Things You Should Not Do Everyday
• Check your phone while talking to someone. Stop checking your phone. It doesn’t notice when you aren’t paying attention. But people notice. And they care.
• Multitask during a meeting. The easiest way to be the smartest person in the room is to be the person who pays the most attention to the room.
• Think about people who don’t make any difference in your life. Don’t spend time and energy thinking or worrying about who have no impact on your life — from who cut in line to TV reality show cast members. Your family, your friends, your employees — all the people that really matter to you — deserve something deeper and more important.
• Let the past dictate the future. Mistakes are valuable. Learn from them. Then let them go.

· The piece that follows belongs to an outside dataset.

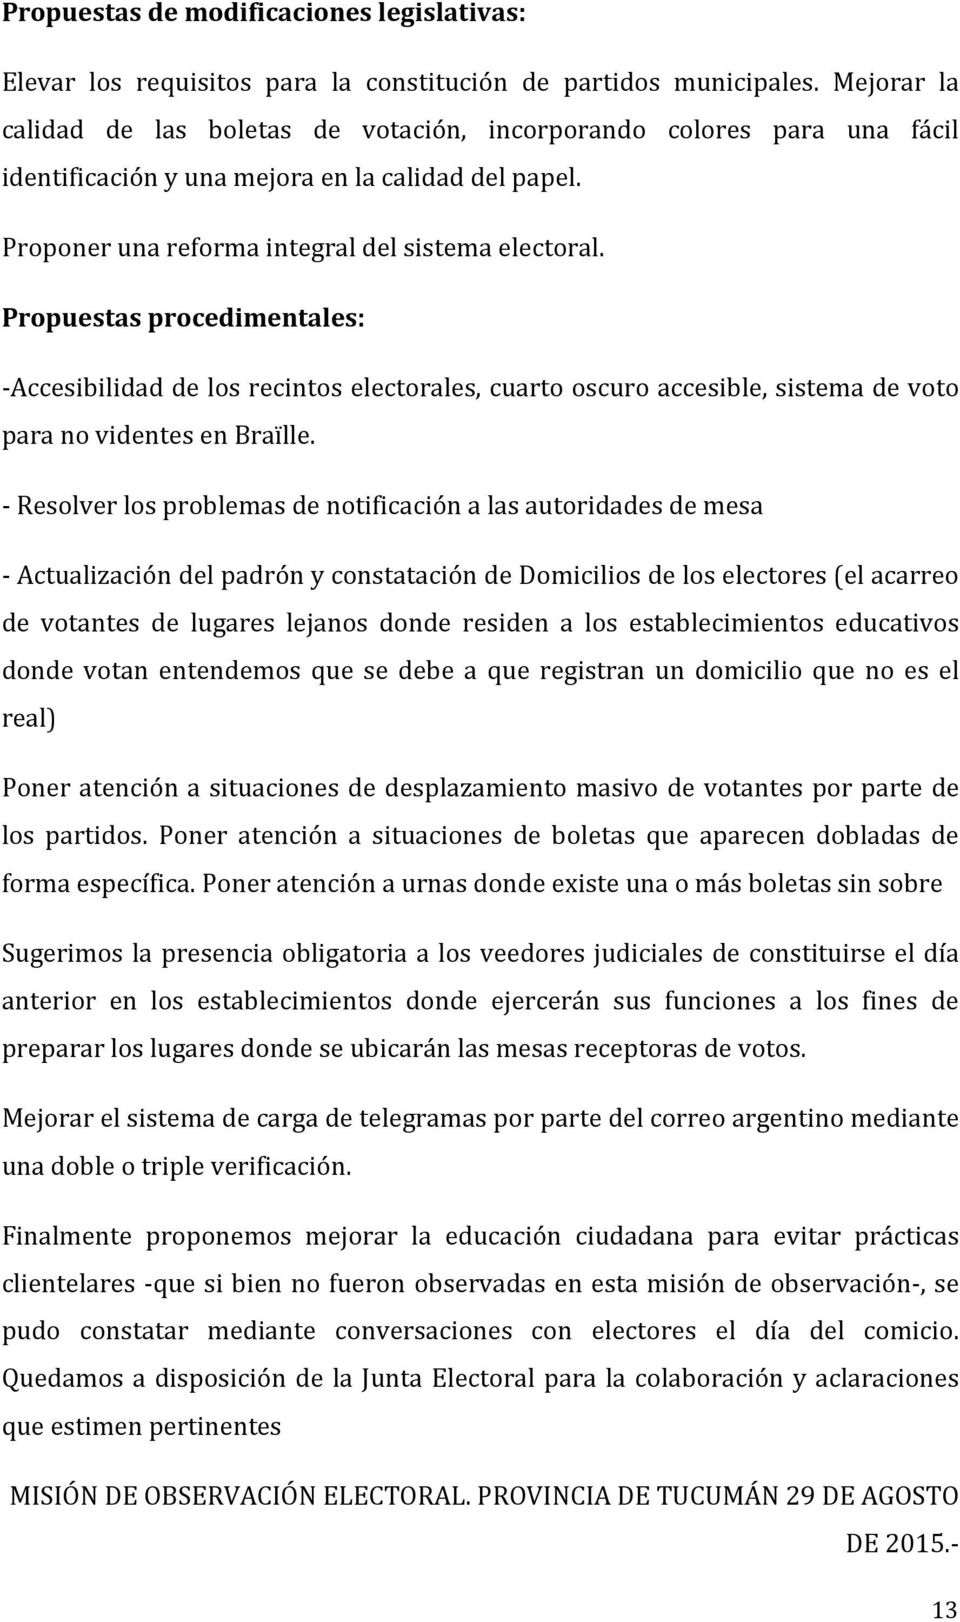 Propuestas procedimentales: -Accesibilidad de los recintos electorales, cuarto oscuro accesible, sistema de voto para no videntes en Braïlle.
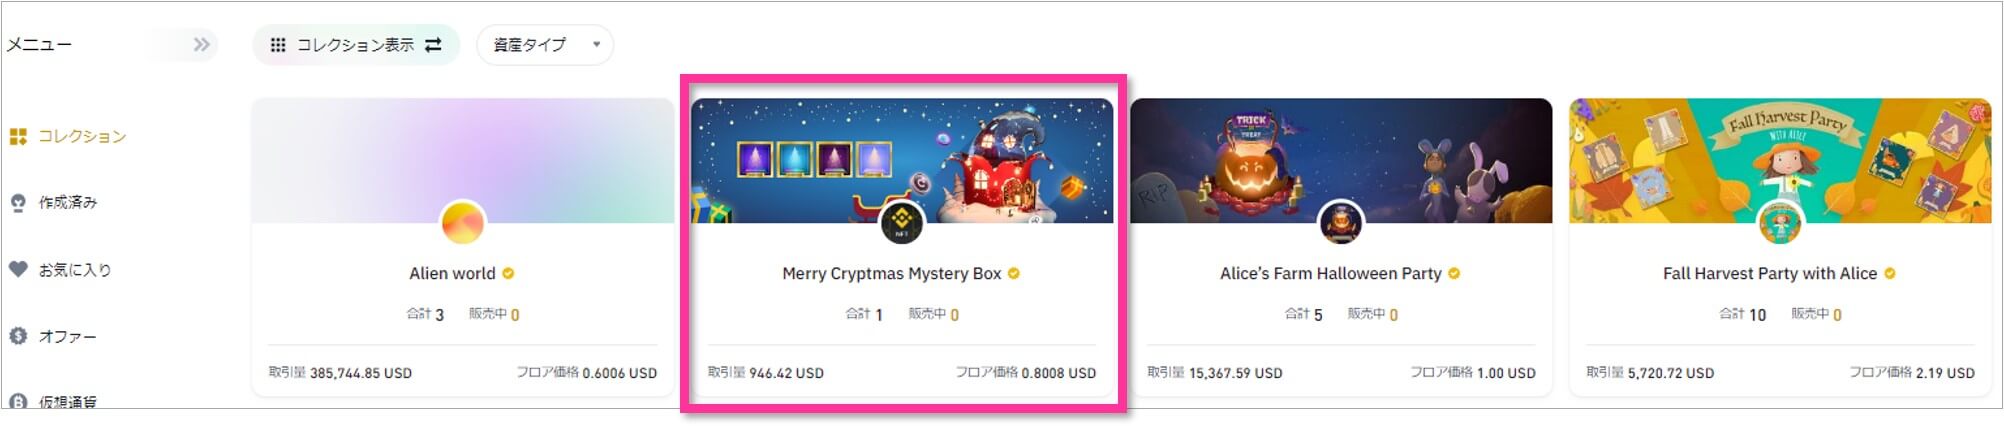 「Merry Cryptmas Mystery Box」を実際に売却

• Wait until you’re sure you will succeed. You can never feel sure you will succeed at something new, but you can always feel sure you are committed to giving something your best. And you can always feel sure you will try again if you fail. Stop waiting. You have a lot less to lose than you think, and everything to gain.
• Talk behind someone’s back. If you’ve talked to more than one person about something Joe is doing, wouldn’t everyone be better off if you stepped up and actually talked to Joe about it? And if it’s “not your place” to talk to Joe, it’s probably not your place to talk about Joe.
• Say “yes” when I really mean “no.” Refusing a request from colleagues, customers, or even friends is really hard. But rarely does saying no go as badly as you expect. Most people will understand, and if they don’t, should you care too much about what they think?